> TASK DETAILS
Omit the pictures and reproduce the rest of the listing exactly.

> PROVIDED MATERIAL
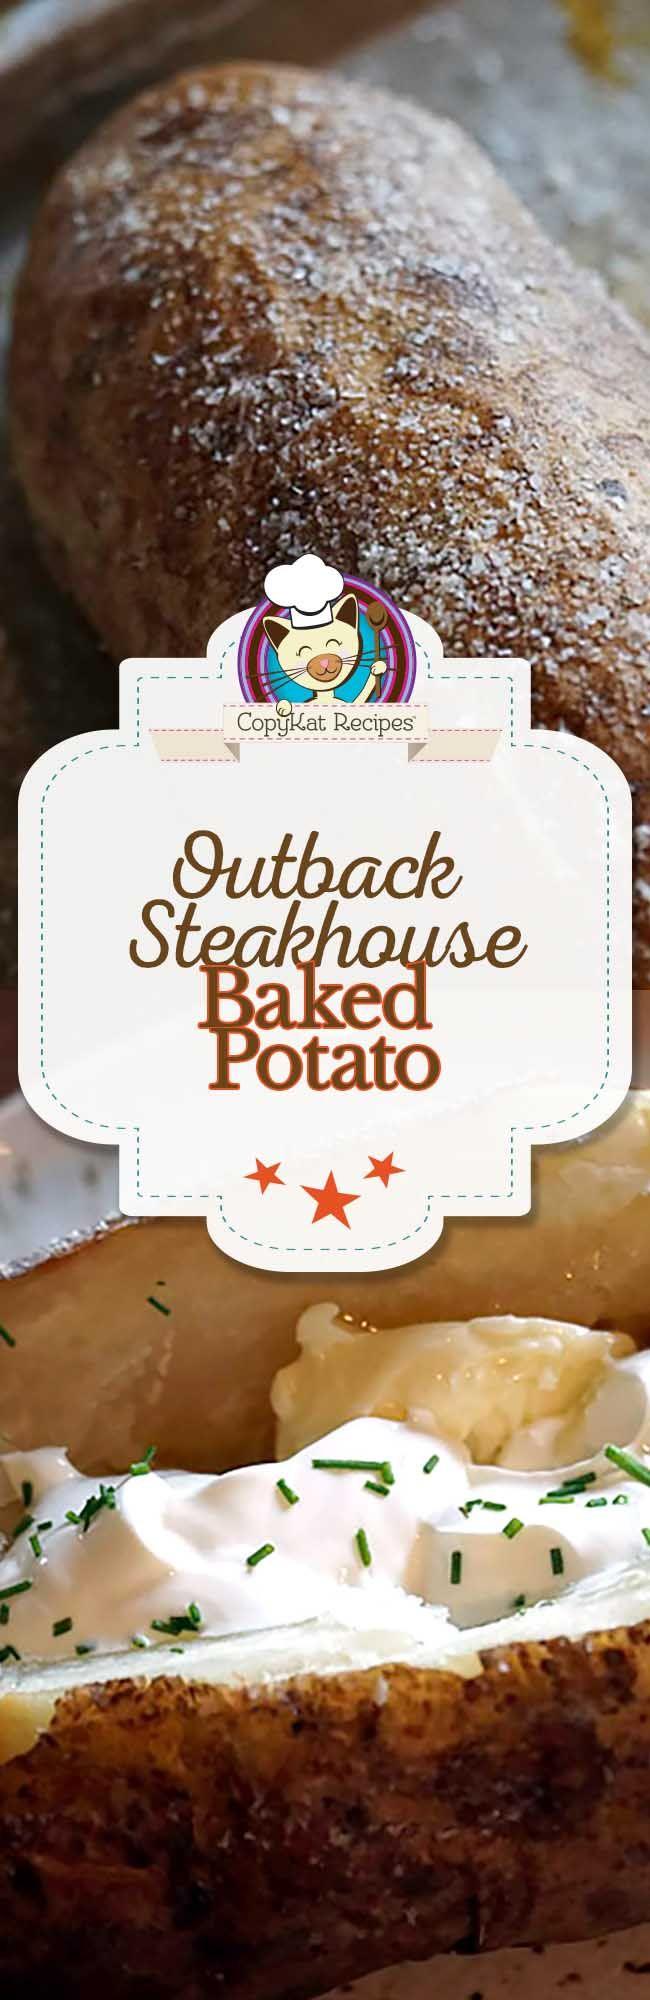 Outback Steakhouse Baked Potato Recipe Copy Cat
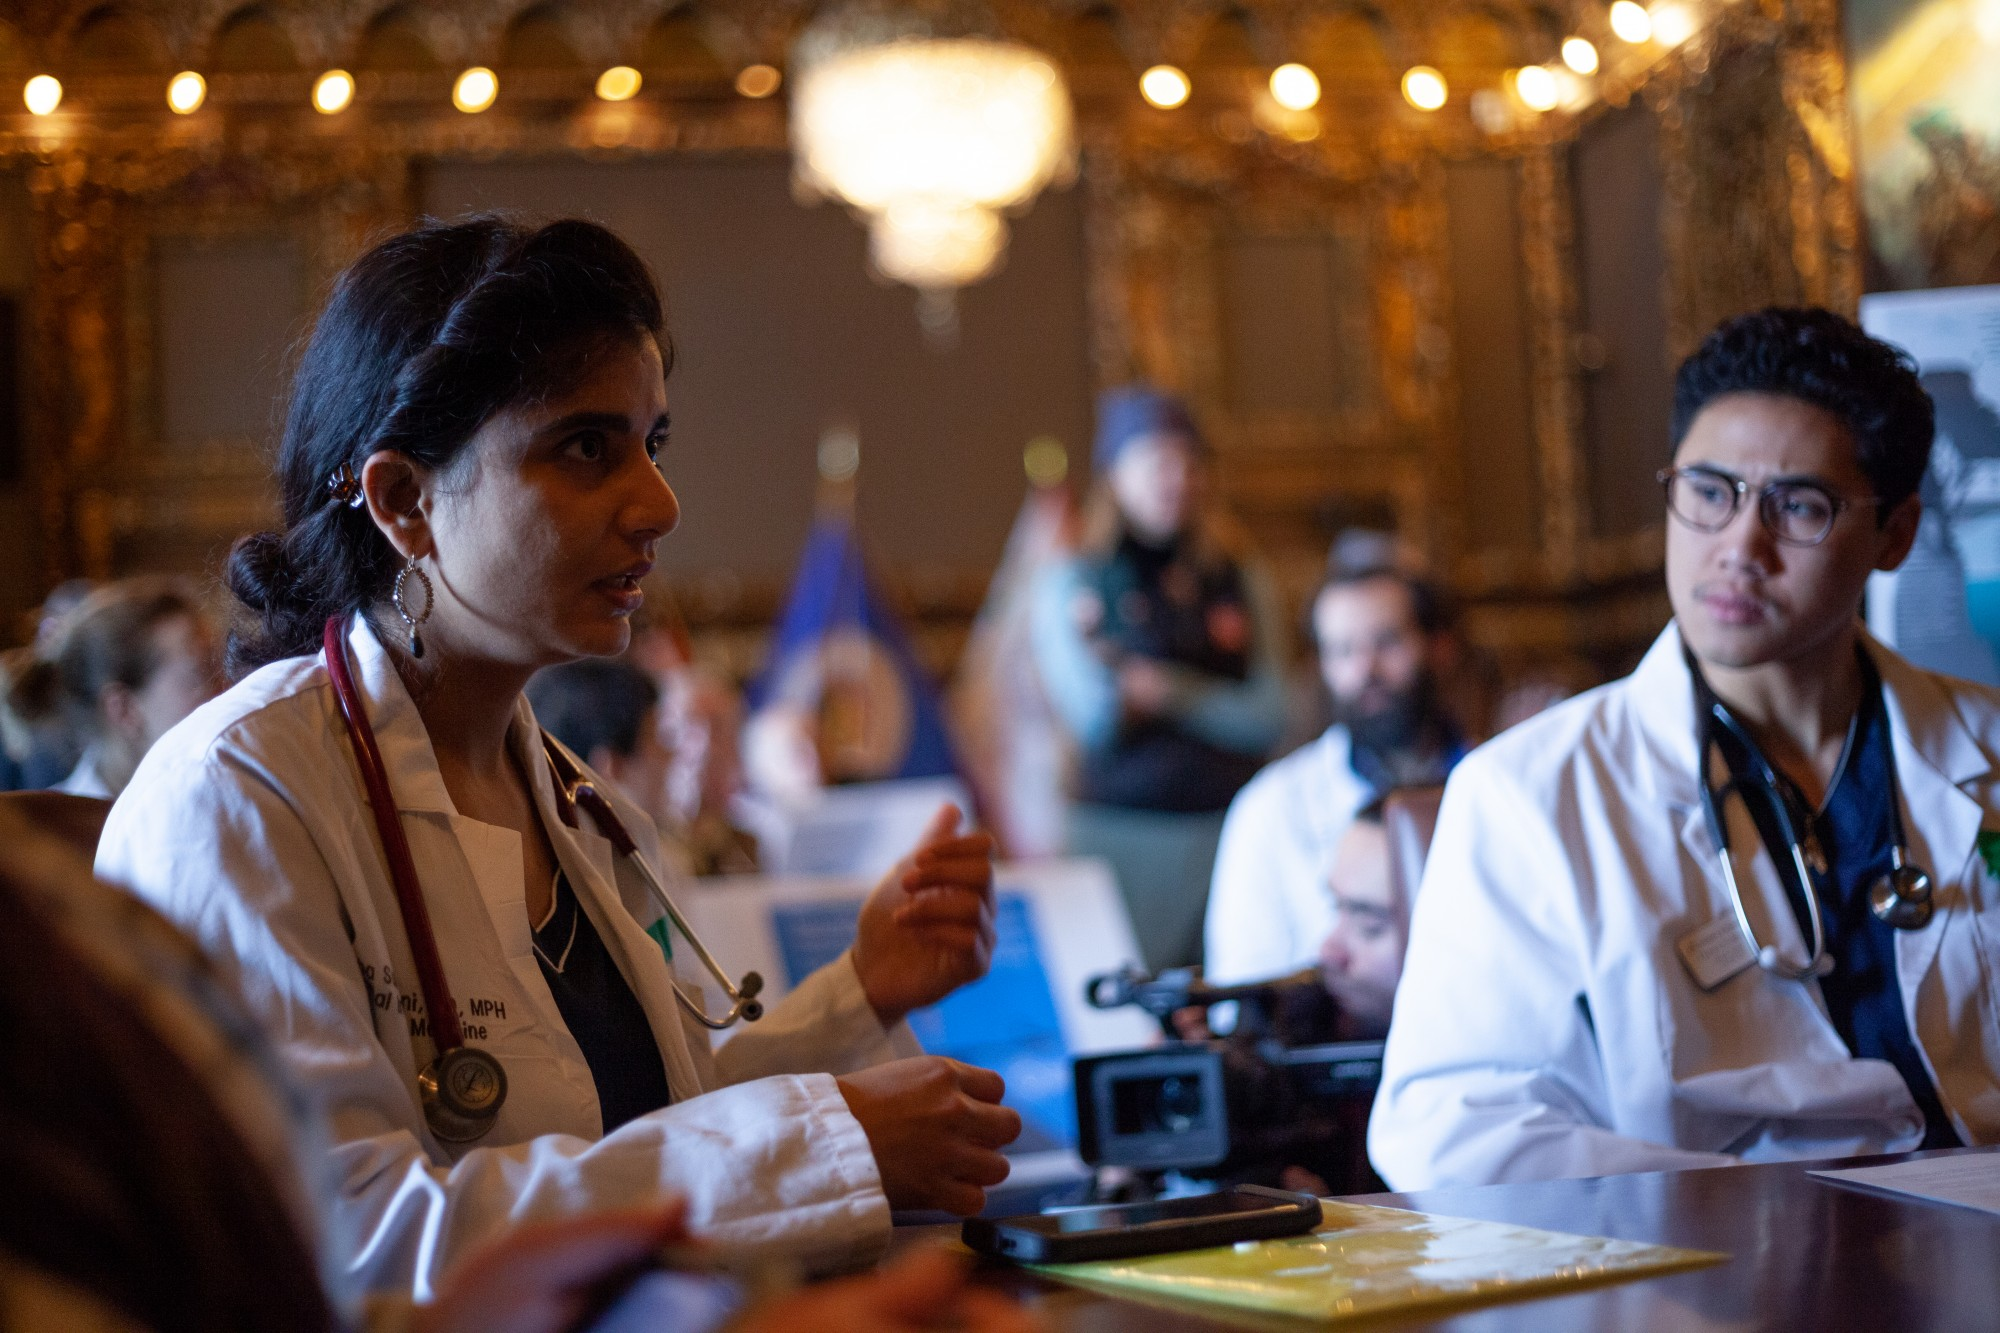 University of Minnesota Assistant Professor of Medicine Vishnu Laalitha Surapaneni, MD speaks at a
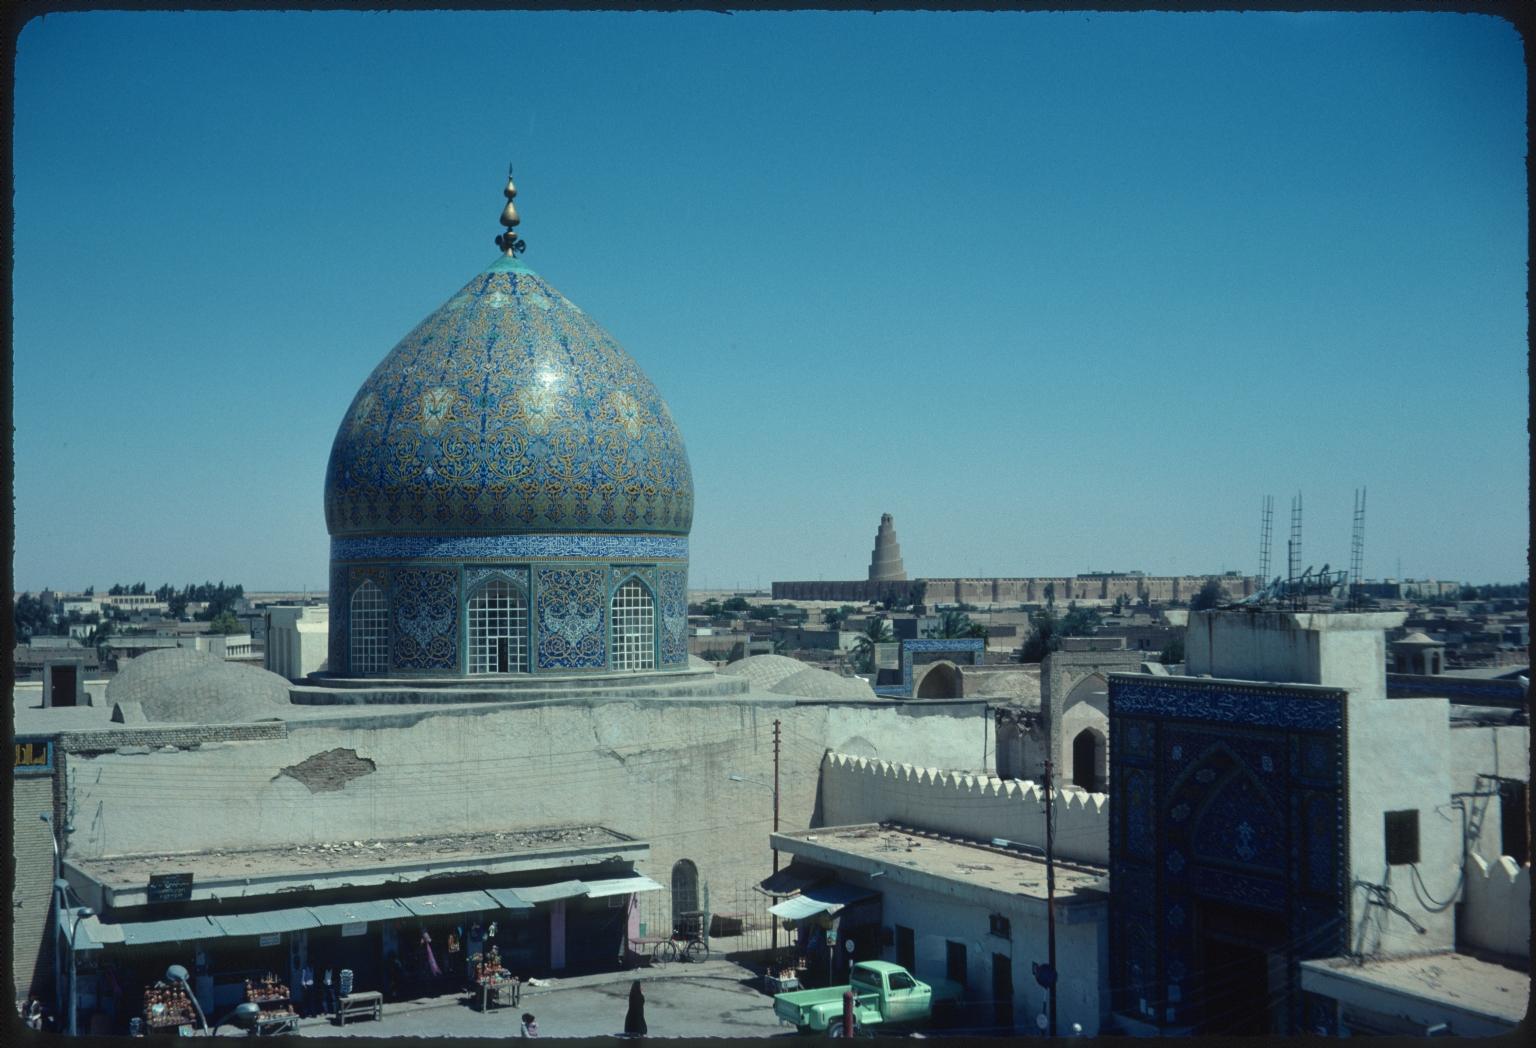 Al-Askari Shrine
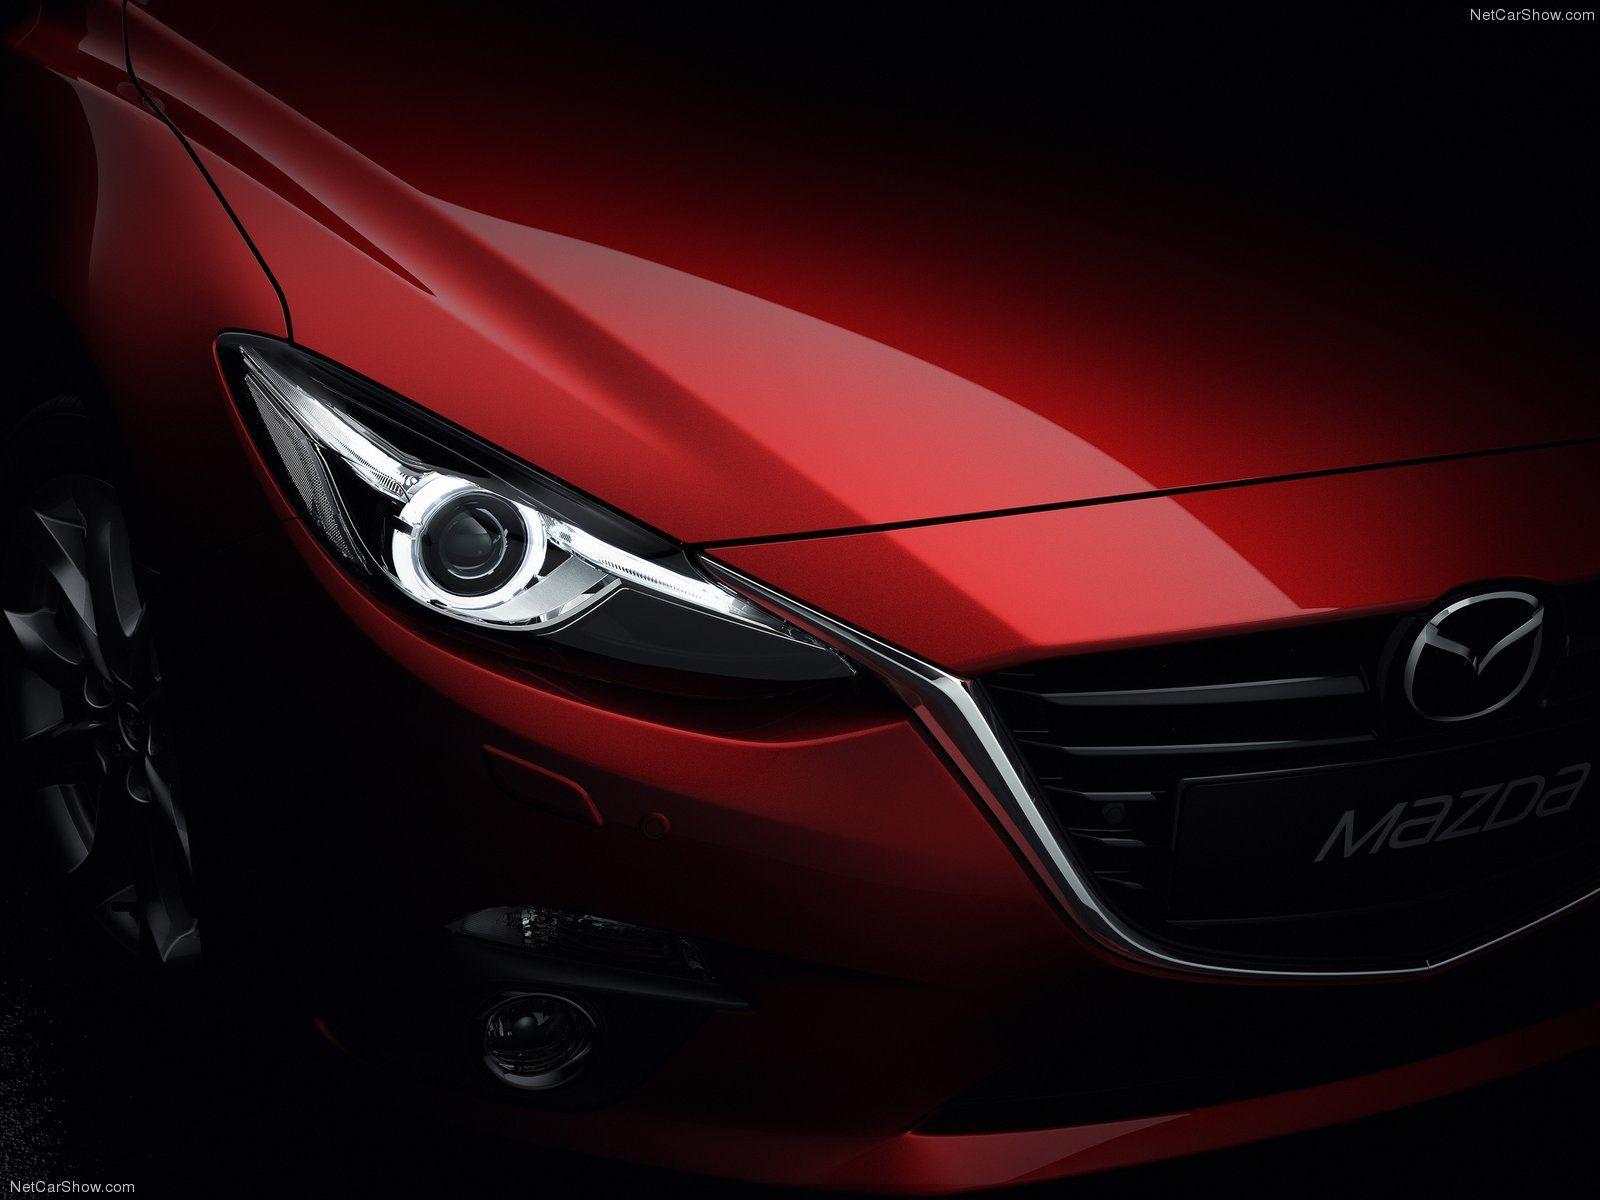 A Wonderful Car That Runs Great Mazda Hatchback Cars

> WRITTEN RESPONSE
 Outback Steakhouse Baked Potato Recipe Copy Cat
 University of Minnesota Assistant Professor of Medicine Vishnu Laalitha Surapaneni, MD speaks at a
 Al-Askari Shrine
 A Wonderful Car That Runs Great Mazda Hatchback Cars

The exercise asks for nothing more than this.